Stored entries

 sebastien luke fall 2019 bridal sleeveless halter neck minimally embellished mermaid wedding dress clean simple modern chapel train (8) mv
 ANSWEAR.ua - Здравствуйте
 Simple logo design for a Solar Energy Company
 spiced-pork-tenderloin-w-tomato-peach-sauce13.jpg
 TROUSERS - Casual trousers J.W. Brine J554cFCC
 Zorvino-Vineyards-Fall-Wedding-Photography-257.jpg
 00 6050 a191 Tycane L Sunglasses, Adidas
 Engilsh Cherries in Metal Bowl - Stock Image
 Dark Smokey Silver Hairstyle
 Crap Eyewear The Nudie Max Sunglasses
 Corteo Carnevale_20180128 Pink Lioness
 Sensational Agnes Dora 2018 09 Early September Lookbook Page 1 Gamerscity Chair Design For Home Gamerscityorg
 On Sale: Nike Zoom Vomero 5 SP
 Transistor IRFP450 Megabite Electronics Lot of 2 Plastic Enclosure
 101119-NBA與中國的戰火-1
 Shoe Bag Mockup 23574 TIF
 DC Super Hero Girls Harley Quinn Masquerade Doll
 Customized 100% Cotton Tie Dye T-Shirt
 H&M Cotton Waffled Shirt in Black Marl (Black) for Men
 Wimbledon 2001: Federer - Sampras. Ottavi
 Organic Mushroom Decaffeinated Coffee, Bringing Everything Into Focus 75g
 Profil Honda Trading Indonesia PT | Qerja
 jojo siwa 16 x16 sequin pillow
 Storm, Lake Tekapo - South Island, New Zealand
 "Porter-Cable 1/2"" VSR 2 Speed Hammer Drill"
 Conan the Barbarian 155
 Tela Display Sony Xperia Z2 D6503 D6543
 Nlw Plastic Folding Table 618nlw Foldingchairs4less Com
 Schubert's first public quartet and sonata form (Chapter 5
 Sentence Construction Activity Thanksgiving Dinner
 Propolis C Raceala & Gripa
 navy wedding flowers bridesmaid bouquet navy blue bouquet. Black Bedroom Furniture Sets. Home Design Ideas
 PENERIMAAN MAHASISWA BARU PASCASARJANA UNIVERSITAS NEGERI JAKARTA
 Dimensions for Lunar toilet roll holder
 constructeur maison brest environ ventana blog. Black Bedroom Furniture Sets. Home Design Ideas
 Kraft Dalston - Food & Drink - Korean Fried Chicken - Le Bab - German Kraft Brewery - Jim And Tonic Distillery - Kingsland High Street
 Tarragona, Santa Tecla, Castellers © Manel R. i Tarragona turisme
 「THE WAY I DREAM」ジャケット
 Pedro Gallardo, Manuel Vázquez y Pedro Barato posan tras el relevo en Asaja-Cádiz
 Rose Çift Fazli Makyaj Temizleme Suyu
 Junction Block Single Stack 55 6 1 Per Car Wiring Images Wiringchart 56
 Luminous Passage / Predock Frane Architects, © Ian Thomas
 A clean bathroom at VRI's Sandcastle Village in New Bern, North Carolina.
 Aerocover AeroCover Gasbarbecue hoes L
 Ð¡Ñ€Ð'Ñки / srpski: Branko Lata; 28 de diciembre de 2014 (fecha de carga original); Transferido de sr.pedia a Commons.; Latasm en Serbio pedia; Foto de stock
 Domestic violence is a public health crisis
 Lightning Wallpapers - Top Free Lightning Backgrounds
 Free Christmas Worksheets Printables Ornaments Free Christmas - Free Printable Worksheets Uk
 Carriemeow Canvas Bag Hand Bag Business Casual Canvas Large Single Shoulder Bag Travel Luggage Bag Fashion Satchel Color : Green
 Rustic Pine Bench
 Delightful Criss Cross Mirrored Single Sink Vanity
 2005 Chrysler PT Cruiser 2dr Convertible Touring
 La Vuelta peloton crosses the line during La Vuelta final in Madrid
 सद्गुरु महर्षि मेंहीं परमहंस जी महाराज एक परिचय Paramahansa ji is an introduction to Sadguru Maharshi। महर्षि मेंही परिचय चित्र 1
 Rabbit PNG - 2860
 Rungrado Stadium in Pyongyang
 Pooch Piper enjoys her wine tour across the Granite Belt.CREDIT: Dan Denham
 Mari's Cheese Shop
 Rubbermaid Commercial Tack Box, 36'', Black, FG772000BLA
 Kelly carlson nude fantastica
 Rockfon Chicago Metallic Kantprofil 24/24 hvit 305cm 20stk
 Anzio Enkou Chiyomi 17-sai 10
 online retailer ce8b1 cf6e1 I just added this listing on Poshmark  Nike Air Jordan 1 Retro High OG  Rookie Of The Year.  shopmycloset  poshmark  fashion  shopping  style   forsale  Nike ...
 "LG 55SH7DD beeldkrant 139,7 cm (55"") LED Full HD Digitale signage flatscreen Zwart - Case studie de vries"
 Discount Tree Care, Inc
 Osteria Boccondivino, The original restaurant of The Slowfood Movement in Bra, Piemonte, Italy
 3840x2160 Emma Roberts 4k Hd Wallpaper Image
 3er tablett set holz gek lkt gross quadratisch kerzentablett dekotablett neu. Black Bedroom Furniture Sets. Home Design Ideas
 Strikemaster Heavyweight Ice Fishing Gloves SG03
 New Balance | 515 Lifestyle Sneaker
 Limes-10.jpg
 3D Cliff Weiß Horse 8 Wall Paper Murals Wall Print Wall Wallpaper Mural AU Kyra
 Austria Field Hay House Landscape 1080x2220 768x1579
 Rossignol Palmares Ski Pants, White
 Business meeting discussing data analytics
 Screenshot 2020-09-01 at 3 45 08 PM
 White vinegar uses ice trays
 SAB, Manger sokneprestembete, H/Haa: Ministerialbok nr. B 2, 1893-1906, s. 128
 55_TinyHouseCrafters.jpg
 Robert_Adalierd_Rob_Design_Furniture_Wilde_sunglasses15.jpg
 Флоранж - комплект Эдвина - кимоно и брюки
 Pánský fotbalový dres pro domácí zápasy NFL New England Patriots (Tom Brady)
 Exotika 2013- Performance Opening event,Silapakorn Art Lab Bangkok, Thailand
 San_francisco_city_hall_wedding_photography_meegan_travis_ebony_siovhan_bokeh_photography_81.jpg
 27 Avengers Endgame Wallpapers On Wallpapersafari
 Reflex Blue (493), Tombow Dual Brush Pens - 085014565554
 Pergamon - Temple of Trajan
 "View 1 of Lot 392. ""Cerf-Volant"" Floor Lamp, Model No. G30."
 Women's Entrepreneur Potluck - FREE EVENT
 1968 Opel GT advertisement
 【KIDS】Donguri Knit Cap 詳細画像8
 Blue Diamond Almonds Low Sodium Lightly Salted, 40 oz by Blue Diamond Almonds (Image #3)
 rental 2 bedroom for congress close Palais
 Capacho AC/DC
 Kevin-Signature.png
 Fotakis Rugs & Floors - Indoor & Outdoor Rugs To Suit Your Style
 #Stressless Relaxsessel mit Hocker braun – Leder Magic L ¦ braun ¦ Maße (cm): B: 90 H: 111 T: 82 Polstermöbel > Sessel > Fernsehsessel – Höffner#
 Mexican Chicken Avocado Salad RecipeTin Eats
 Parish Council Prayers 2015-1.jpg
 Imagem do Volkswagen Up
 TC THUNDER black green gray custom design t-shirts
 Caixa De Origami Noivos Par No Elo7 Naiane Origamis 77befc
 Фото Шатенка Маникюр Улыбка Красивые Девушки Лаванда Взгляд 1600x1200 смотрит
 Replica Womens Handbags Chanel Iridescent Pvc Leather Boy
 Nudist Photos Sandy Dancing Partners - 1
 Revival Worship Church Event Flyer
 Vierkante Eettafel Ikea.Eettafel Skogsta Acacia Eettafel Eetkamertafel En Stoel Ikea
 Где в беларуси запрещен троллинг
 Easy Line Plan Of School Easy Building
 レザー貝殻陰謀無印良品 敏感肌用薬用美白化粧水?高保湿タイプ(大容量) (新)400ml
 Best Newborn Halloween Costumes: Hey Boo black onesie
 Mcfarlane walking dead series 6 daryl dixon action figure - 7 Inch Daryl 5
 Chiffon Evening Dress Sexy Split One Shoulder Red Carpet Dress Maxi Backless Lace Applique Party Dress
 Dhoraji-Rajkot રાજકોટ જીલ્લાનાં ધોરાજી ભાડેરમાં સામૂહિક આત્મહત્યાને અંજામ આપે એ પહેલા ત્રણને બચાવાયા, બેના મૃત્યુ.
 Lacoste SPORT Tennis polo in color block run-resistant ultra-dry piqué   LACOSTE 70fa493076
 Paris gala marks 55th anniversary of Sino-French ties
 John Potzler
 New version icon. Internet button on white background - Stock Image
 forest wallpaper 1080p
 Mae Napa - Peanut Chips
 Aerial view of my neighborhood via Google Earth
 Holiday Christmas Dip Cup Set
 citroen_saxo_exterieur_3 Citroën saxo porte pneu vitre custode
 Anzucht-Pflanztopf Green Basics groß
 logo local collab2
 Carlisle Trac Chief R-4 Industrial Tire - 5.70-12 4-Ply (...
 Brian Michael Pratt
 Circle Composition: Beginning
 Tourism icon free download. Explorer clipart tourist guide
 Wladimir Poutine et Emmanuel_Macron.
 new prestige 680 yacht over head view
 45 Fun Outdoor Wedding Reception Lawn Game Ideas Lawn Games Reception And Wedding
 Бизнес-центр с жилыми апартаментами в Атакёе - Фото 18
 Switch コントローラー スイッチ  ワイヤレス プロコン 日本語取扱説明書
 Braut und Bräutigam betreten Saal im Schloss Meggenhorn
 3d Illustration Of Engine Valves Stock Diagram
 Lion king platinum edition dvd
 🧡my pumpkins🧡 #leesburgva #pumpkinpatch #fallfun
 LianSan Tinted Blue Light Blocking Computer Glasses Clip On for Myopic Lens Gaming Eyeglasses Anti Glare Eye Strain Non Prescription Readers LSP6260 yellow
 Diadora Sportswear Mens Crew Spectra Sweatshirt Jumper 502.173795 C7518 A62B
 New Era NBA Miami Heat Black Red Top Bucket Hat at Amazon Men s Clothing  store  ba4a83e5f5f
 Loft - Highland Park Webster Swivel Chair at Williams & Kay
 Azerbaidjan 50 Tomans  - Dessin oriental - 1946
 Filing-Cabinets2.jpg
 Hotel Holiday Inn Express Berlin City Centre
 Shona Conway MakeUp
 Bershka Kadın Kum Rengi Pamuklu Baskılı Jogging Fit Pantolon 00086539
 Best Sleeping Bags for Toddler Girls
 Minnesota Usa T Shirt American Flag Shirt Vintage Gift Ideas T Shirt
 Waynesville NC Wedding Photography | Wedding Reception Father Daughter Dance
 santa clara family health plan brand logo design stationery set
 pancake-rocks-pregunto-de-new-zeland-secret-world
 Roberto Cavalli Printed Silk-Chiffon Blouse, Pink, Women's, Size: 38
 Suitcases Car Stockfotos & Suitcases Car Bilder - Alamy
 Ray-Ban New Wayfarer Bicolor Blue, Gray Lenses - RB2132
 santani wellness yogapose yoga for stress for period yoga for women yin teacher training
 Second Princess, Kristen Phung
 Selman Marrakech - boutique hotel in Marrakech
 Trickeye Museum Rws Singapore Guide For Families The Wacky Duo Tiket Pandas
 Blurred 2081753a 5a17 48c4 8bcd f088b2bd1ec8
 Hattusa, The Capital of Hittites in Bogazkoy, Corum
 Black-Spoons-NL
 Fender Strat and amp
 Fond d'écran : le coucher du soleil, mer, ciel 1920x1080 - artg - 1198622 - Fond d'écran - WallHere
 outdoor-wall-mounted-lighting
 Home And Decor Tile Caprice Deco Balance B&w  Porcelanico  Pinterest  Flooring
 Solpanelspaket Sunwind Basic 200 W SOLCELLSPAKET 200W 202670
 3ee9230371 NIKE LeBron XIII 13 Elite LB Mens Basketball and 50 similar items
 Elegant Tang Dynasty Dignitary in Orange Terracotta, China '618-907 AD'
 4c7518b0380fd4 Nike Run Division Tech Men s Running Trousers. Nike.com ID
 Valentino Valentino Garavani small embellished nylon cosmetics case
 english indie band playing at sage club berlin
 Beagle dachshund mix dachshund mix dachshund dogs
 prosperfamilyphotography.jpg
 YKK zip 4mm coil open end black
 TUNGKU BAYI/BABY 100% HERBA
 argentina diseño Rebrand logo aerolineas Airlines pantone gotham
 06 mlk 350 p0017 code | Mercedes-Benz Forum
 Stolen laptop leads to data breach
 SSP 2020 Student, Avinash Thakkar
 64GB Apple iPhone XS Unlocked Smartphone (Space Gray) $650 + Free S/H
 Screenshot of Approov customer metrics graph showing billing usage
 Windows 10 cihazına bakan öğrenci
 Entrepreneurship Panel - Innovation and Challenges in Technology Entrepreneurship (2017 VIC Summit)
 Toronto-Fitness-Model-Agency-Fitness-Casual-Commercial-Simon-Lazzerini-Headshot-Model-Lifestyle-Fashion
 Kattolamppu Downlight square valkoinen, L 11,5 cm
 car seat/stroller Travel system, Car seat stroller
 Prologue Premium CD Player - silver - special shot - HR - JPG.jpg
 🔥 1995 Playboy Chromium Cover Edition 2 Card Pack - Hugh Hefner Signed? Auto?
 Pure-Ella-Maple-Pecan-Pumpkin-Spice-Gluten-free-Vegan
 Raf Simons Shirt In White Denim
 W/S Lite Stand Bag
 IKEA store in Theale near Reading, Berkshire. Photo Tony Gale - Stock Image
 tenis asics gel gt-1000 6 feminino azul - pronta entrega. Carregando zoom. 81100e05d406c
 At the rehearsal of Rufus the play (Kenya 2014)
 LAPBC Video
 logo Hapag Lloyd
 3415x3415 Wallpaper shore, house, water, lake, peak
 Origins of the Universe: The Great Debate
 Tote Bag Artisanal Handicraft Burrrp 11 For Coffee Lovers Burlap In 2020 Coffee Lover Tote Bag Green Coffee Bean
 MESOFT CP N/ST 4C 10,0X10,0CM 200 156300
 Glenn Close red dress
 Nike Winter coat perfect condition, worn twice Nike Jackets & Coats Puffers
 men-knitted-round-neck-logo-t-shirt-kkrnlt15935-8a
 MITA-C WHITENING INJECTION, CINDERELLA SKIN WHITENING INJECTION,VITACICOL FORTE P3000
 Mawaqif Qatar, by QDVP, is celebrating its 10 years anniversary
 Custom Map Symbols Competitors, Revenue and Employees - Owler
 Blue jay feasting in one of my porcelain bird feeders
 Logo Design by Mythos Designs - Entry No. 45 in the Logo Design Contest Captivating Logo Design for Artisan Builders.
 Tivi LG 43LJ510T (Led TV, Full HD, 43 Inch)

INSTRUCTIONS TO FOLLOW
Apply a filter for "Best" to the entries and show each line that passes.

RESPONSE AREA
 Best Newborn Halloween Costumes: Hey Boo black onesie
 Best Sleeping Bags for Toddler Girls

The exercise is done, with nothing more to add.